* Assigned task
Using the listing below, print the line containing "Diesel Herren Analog", the line containing "c902c7073514 Hurley USA", and each line between them, exactly and nothing else. Pictures stay out of the print.

* Data for review

################

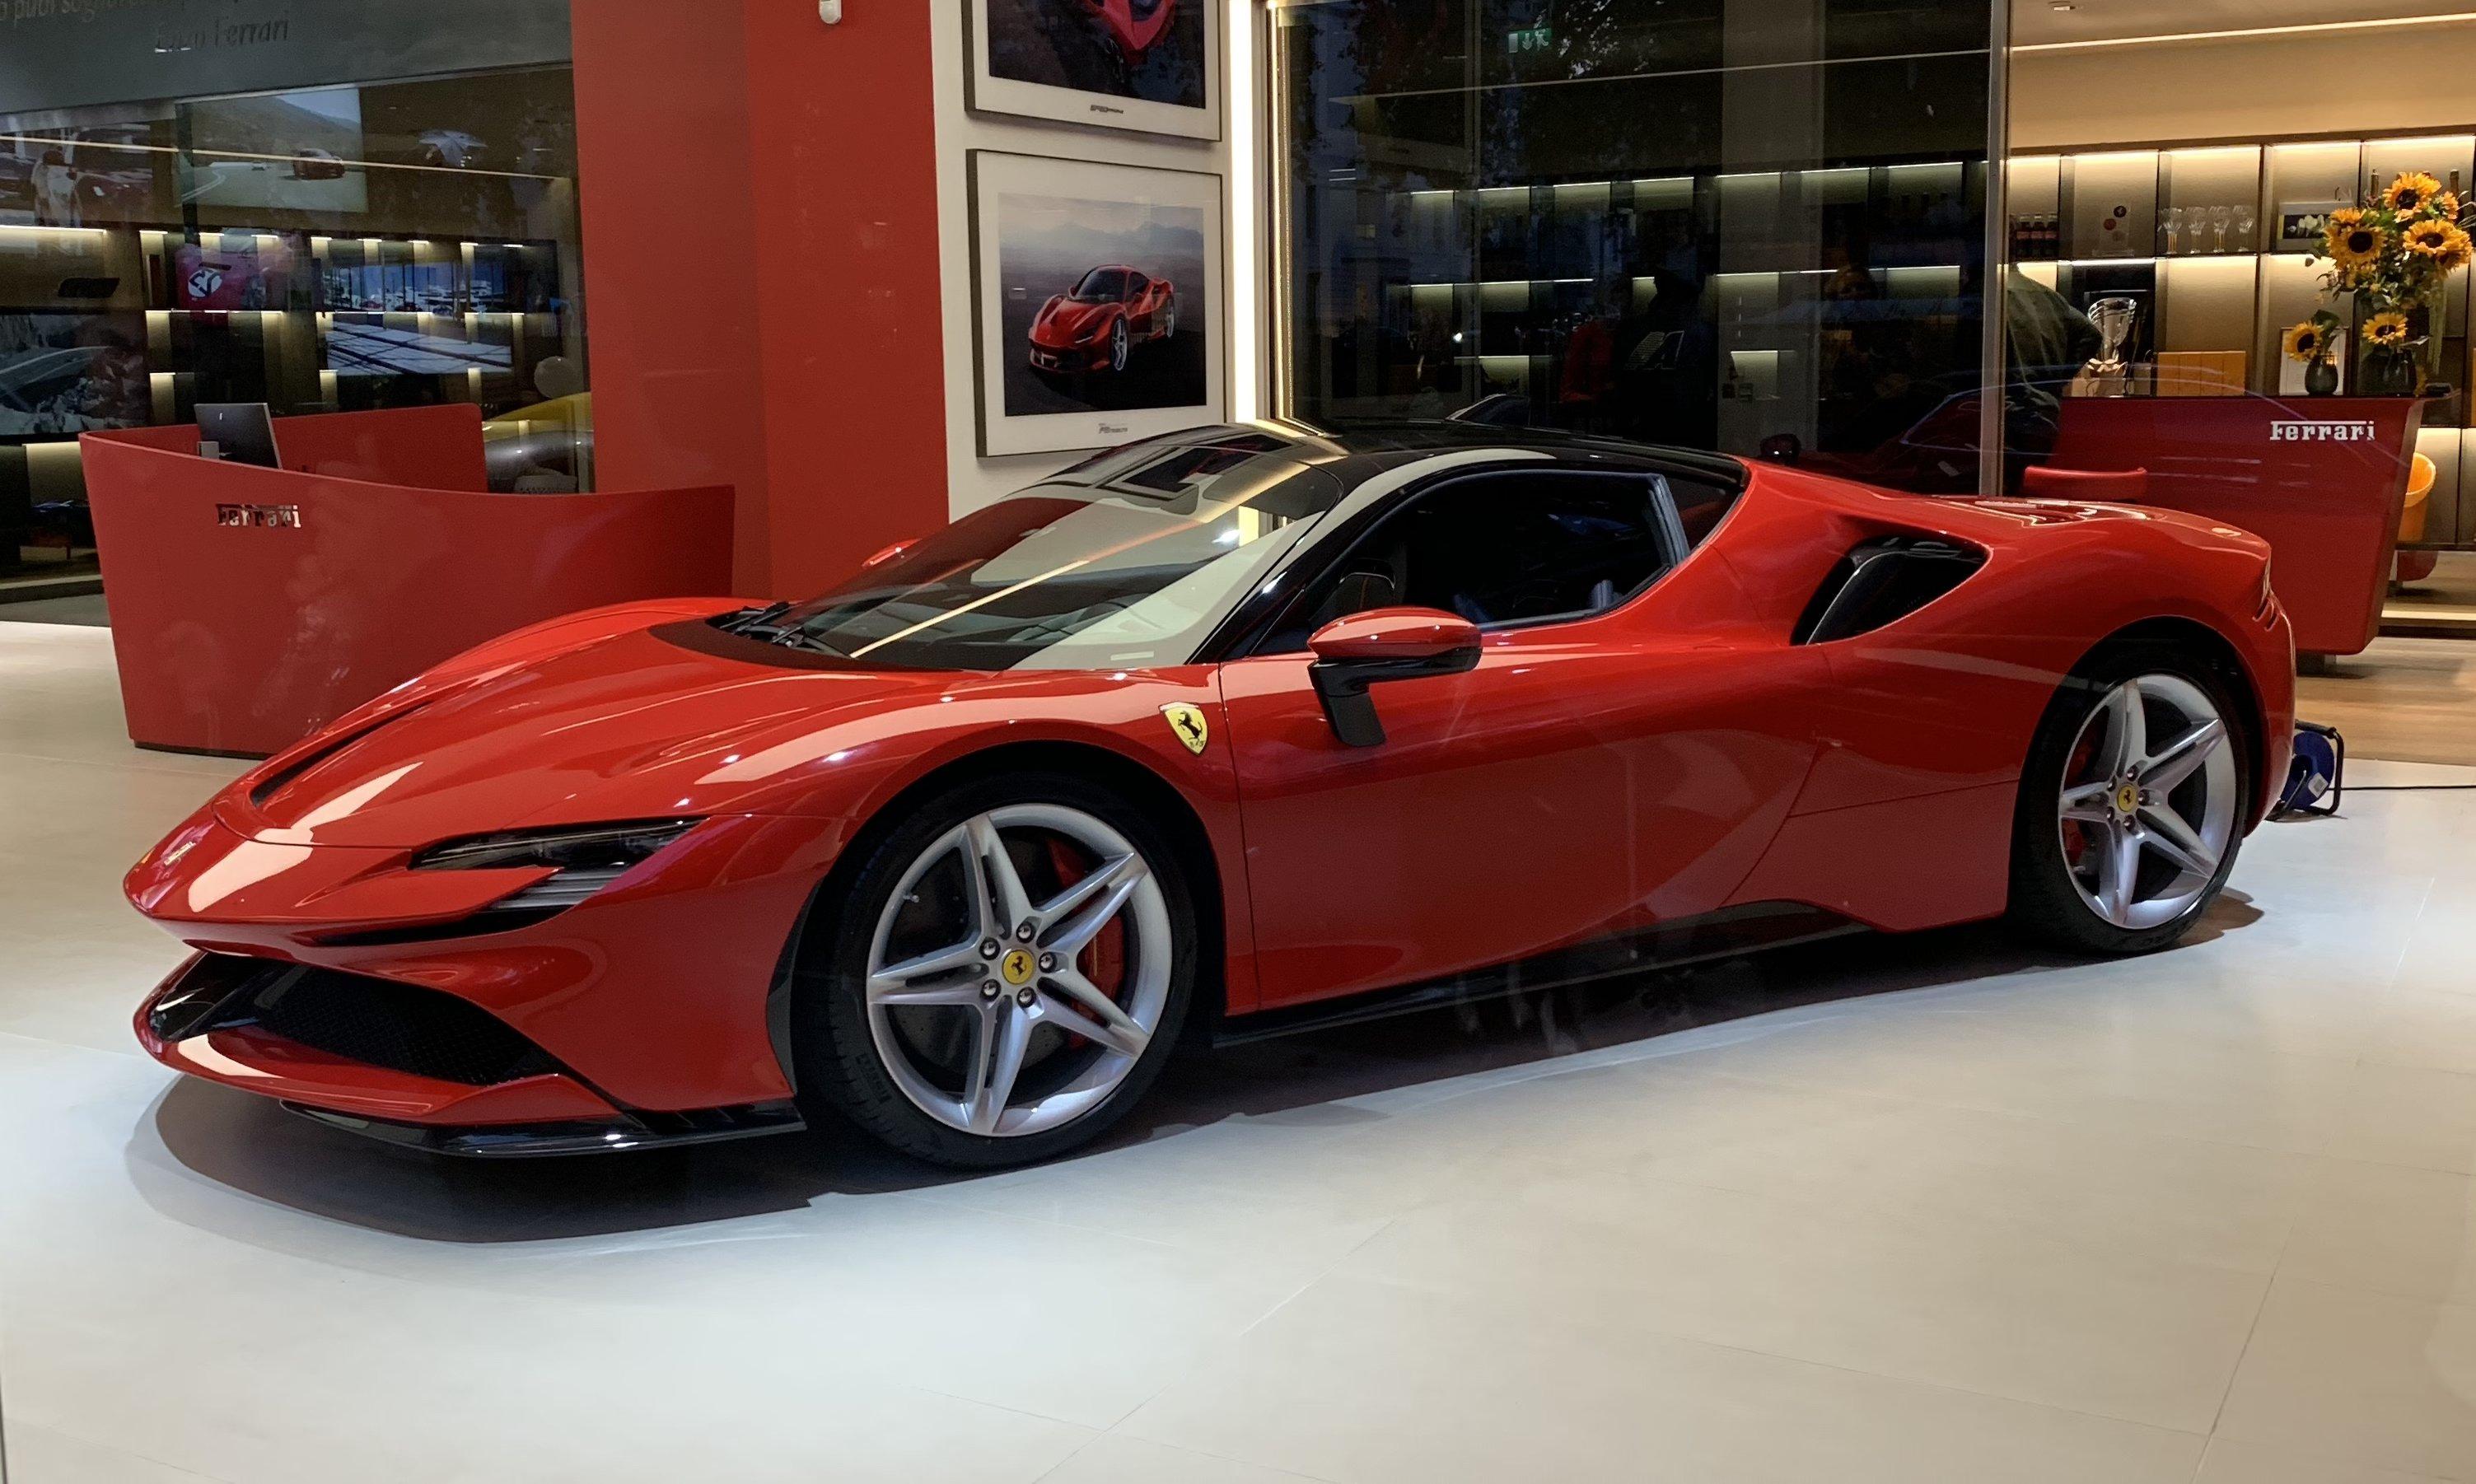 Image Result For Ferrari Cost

################

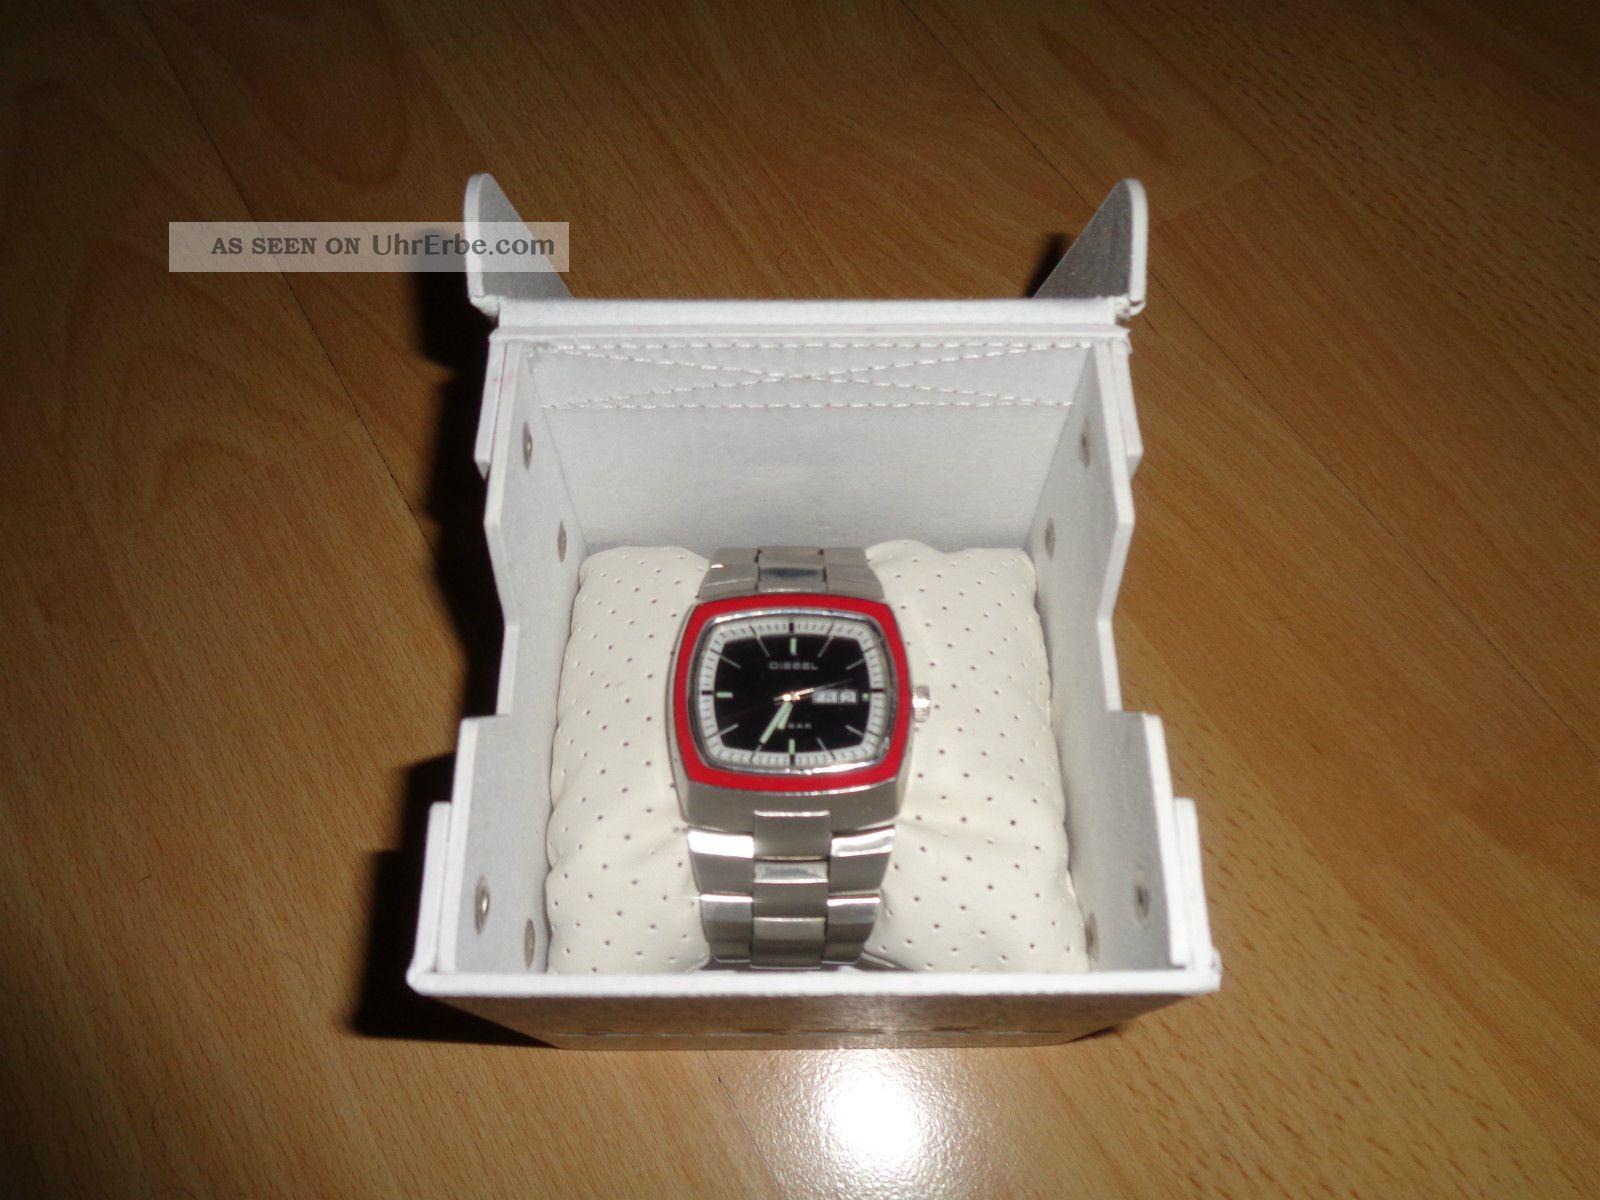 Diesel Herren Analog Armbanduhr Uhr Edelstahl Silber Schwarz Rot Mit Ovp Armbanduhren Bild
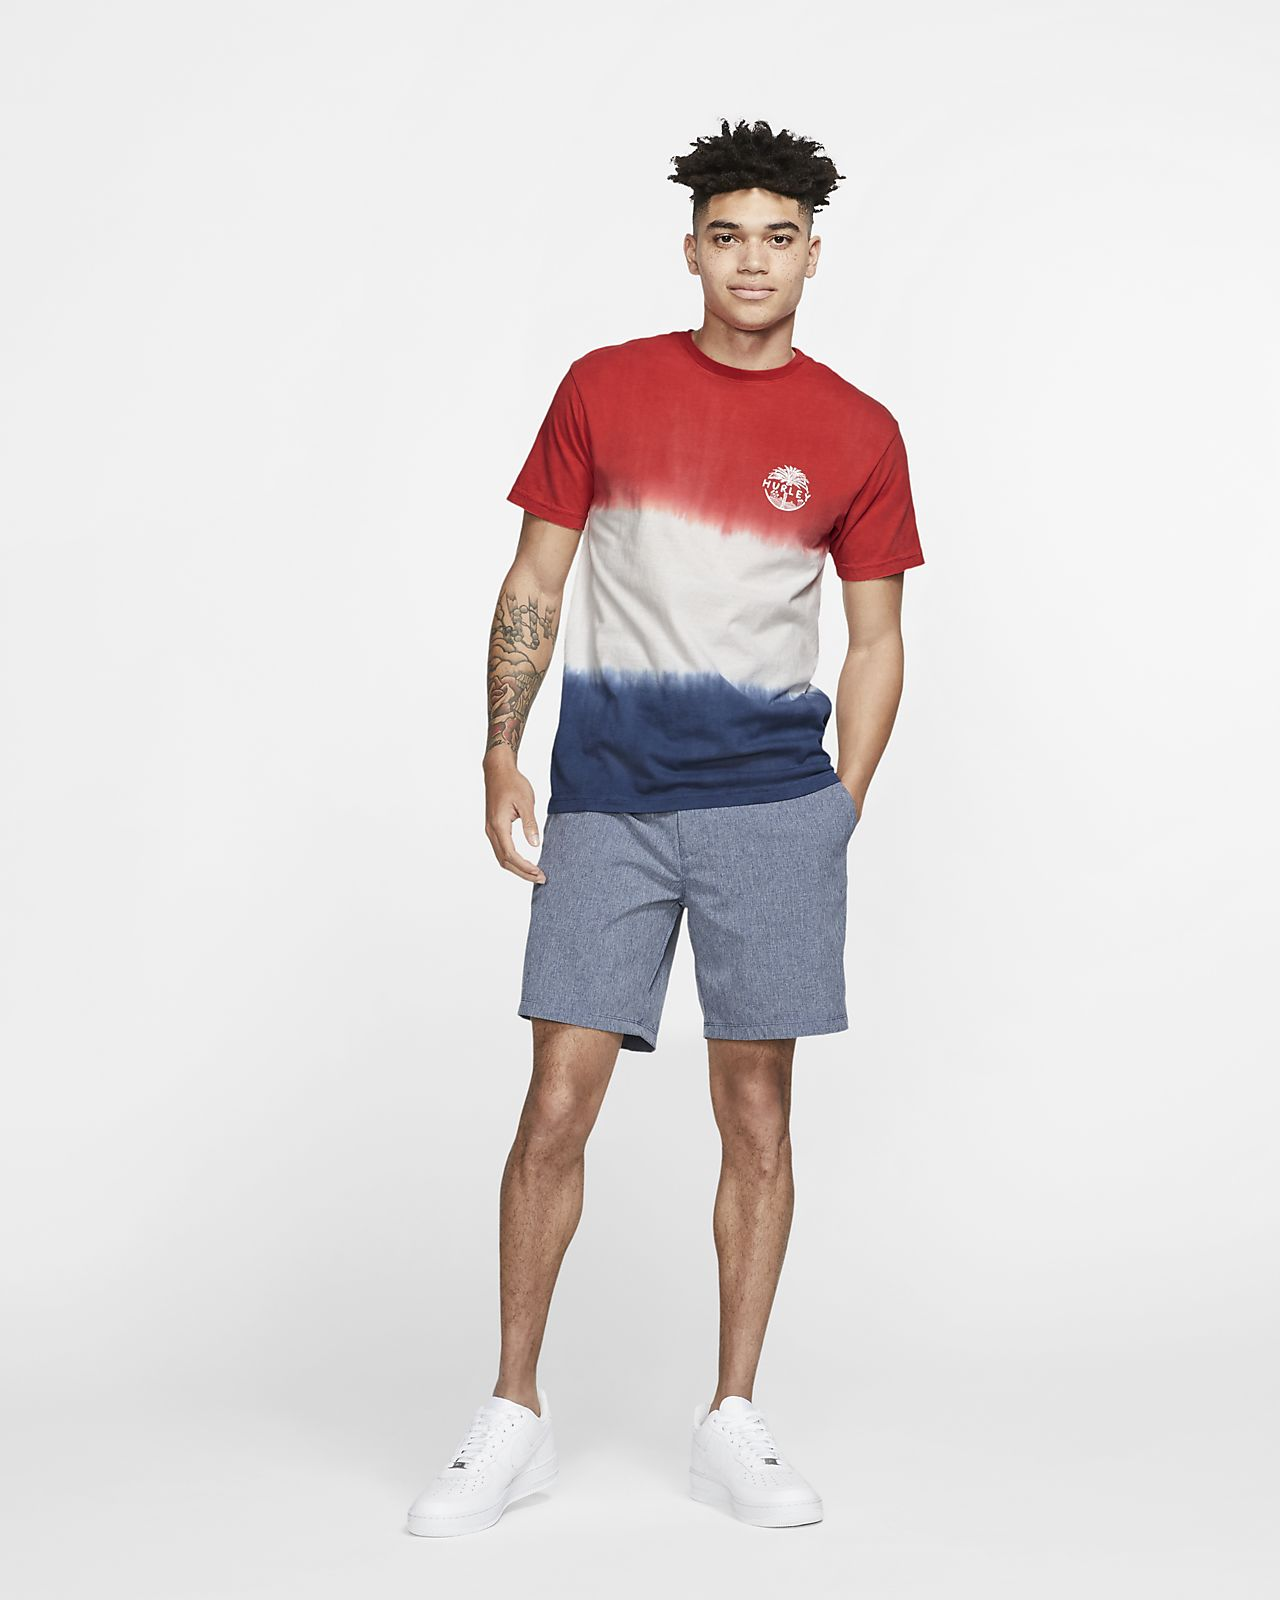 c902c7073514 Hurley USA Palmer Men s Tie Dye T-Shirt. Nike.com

################

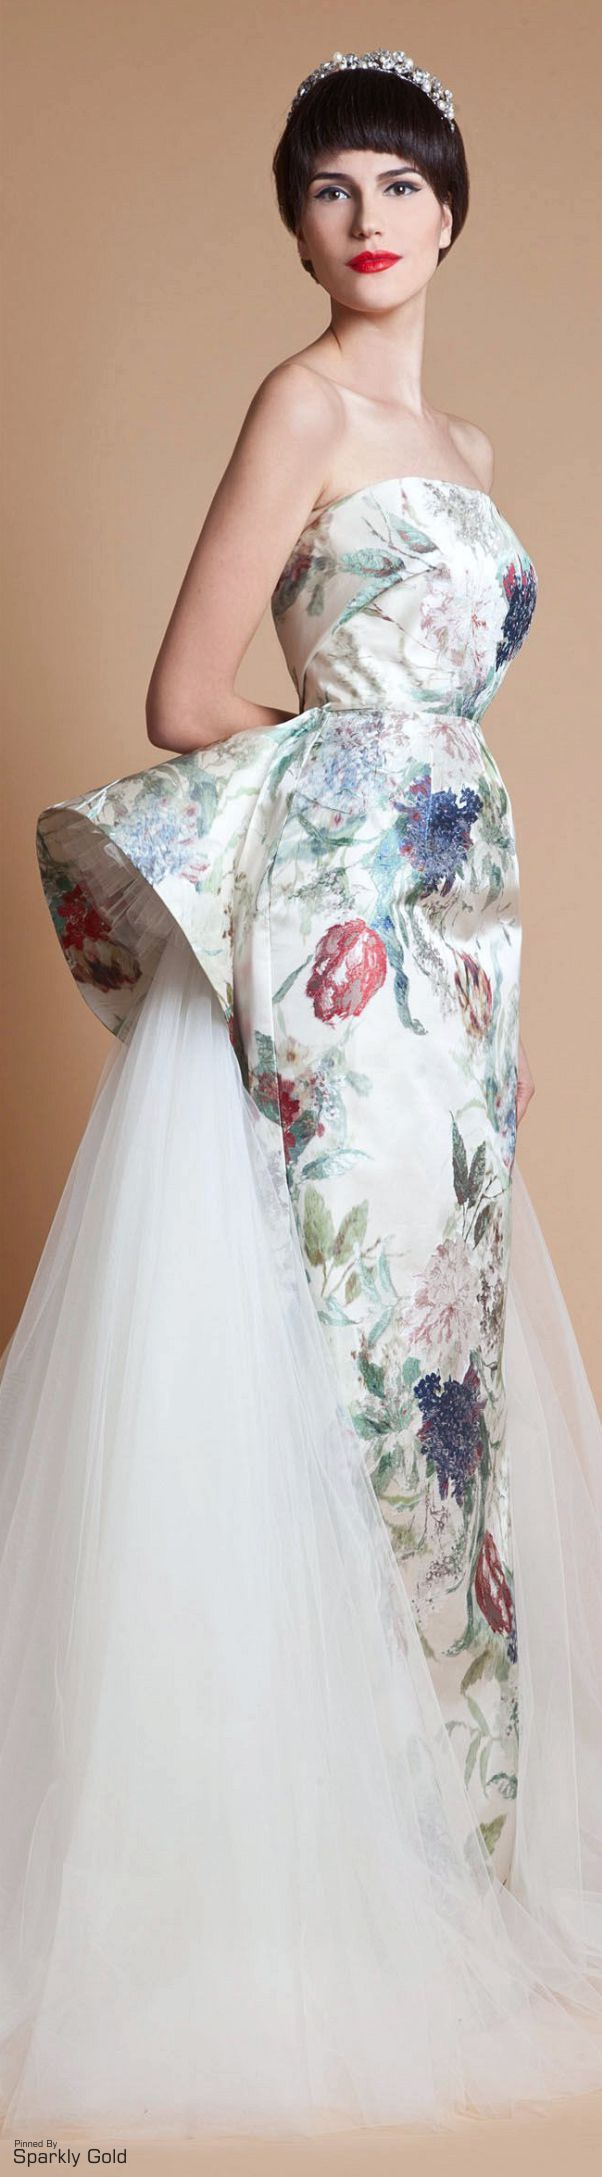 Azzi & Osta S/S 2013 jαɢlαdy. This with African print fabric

################

* Solved exercise
 Diesel Herren Analog Armbanduhr Uhr Edelstahl Silber Schwarz Rot Mit Ovp Armbanduhren Bild
 c902c7073514 Hurley USA Palmer Men s Tie Dye T-Shirt. Nike.com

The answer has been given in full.